# Arc Flash PPE Category



## Wirenuting (Sep 12, 2010)

Welcome to ET

Please finish filling out your profile,, “About Me” section. 


AF protection??? Kinda like a well done hotdog amount?


----------



## Zog (Apr 15, 2009)

cbeckmeyer said:


> New to the forum... Have a question about sizing PPE per NFPA 70E. Working in a commercial building that doesn't have an Incident Energy Analysis completed. Now I know there is the other table category method for sizing PPE, but that also requires knowing the available fault current and clearing times. The panel that we are working in is fed from a insulated case circuit breaker with a bunch of adjustable trip ratings. My question is, shouldn't i be able to determine the maximum available fault current that said breaker will allow through by looking at one of the settings on that breaker? Therefore allowing me to size my PPE using the Arc Flash category method of NFPA Table 130.7(C)(15)(a)?


No, you need to know the available fault current, that has nothing to do with the trip settings on the breaker. The facility may not have an arc flash analysis done but I am sure they have a short circuit study somewhere??


----------



## Zog (Apr 15, 2009)

Also, what work are you doing that you need PPE for?


----------



## paulengr (Oct 8, 2017)

Zog said:


> No, you need to know the available fault current, that has nothing to do with the trip settings on the breaker. The facility may not have an arc flash analysis done but I am sure they have a short circuit study somewhere??


Short circuit study is not what you need. The coordination study is what is needed.

The tables are there in case you don't have any other information. Realistically the claims about available fault current and opening times come from a coordination study, not just breaker settings but transformers and wiring too. It's hard to do anything quick and dirty. There are some ideas how to do it but nothing concrete yet.

If you knew that information you wouldn't bother with the tables because you can even get a spreadsheet that IEEE put out that calculates incident energy for you. So if you don't know, use the tables. That's what they are for.

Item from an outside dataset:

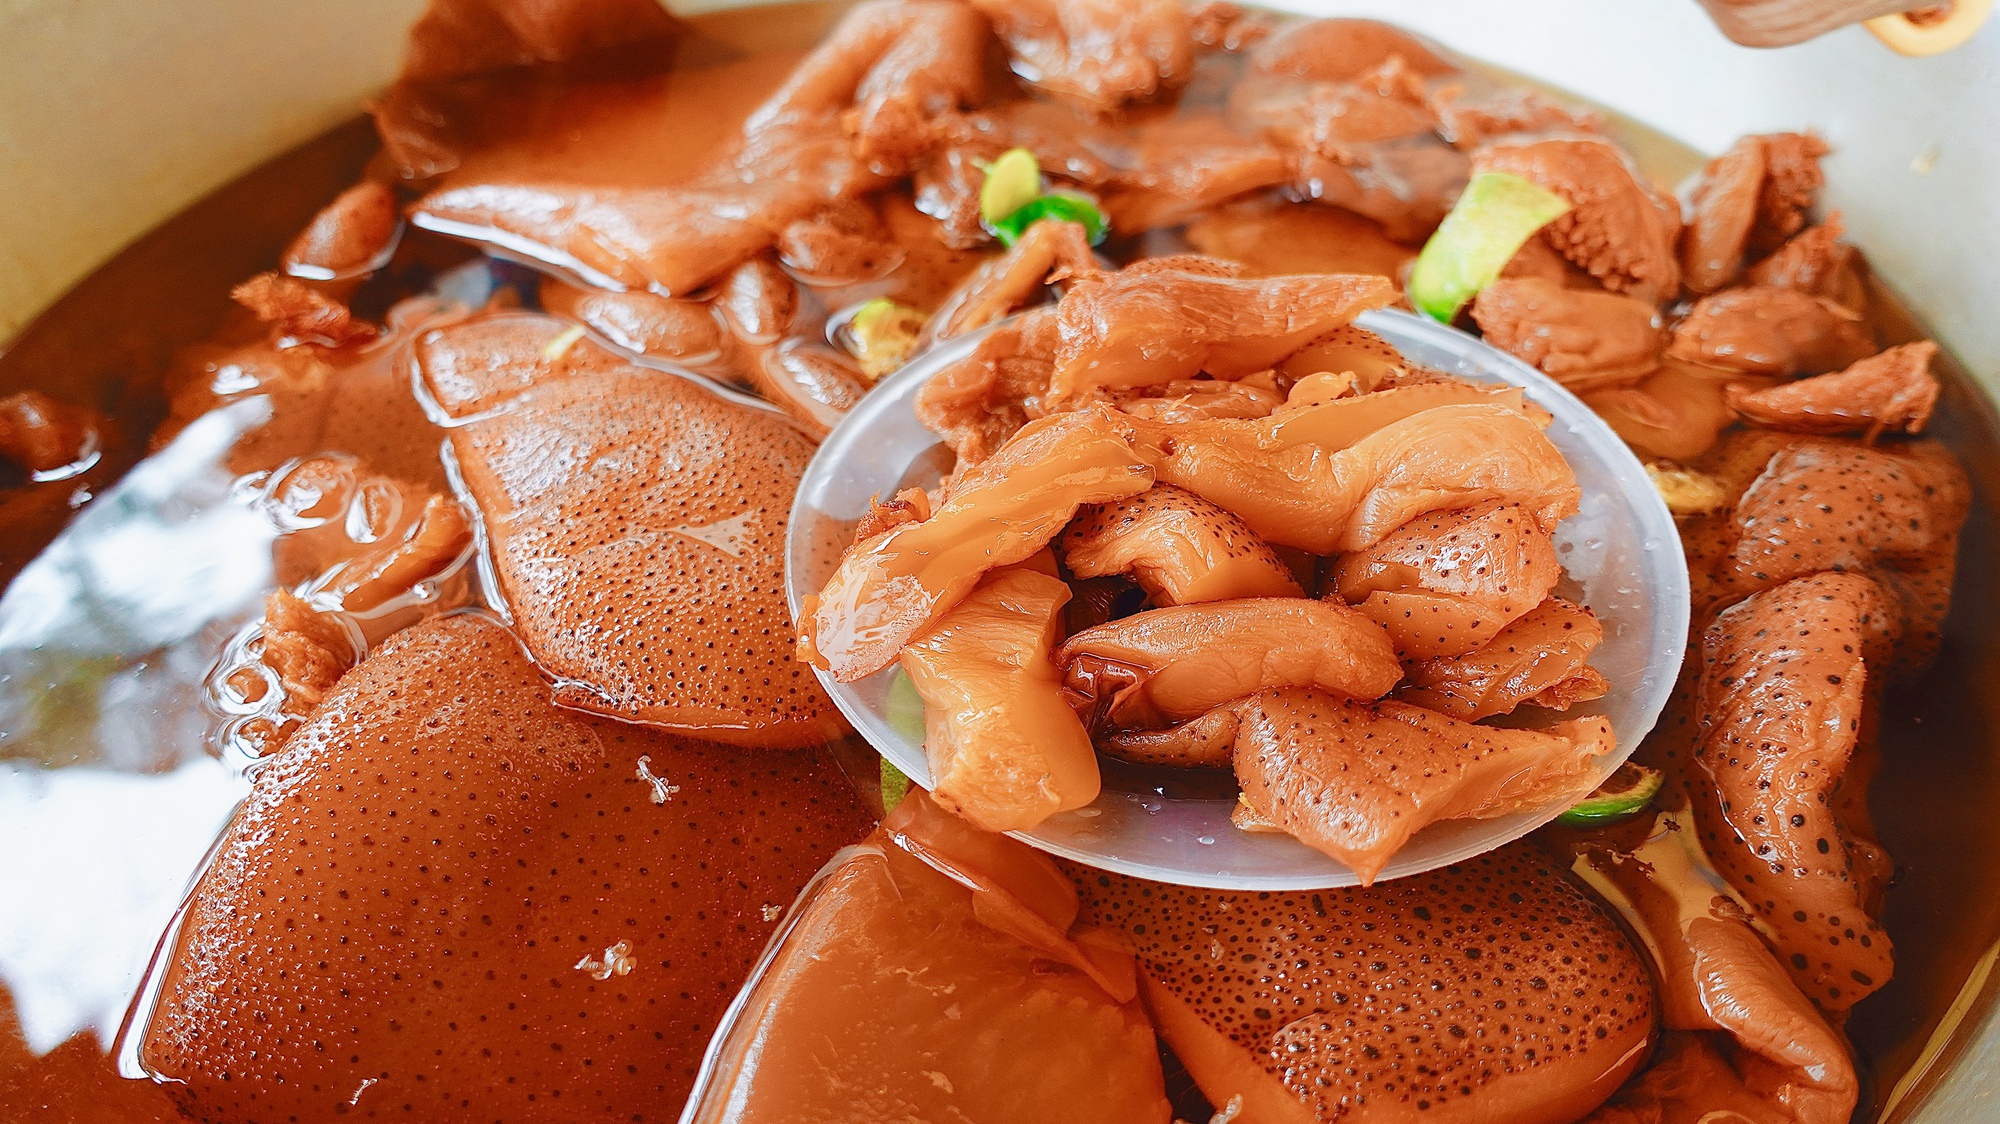 Sống ở Hà Nội bao năm nhưng nhiều người vẫn chưa từng thử ăn sứa đỏ: Hương vị thế nào mà "cuốn" vậy?

The footnotes are there to make the academics happy. And I've got news for you...The engineering method has serious problems, too. Don't let some engineer fool you into thinking they know what they are talking about. Want a simple example? So the incident energy is the calculation at the face/chest. The PPE rating matches that. Incident energy roughly doubles if we cut the distance in half. So what is the rating on the arms? What about the hands? The whole thing is a totally fictitious and questionable model that just happens to work. The track record is really good and that's what we're after.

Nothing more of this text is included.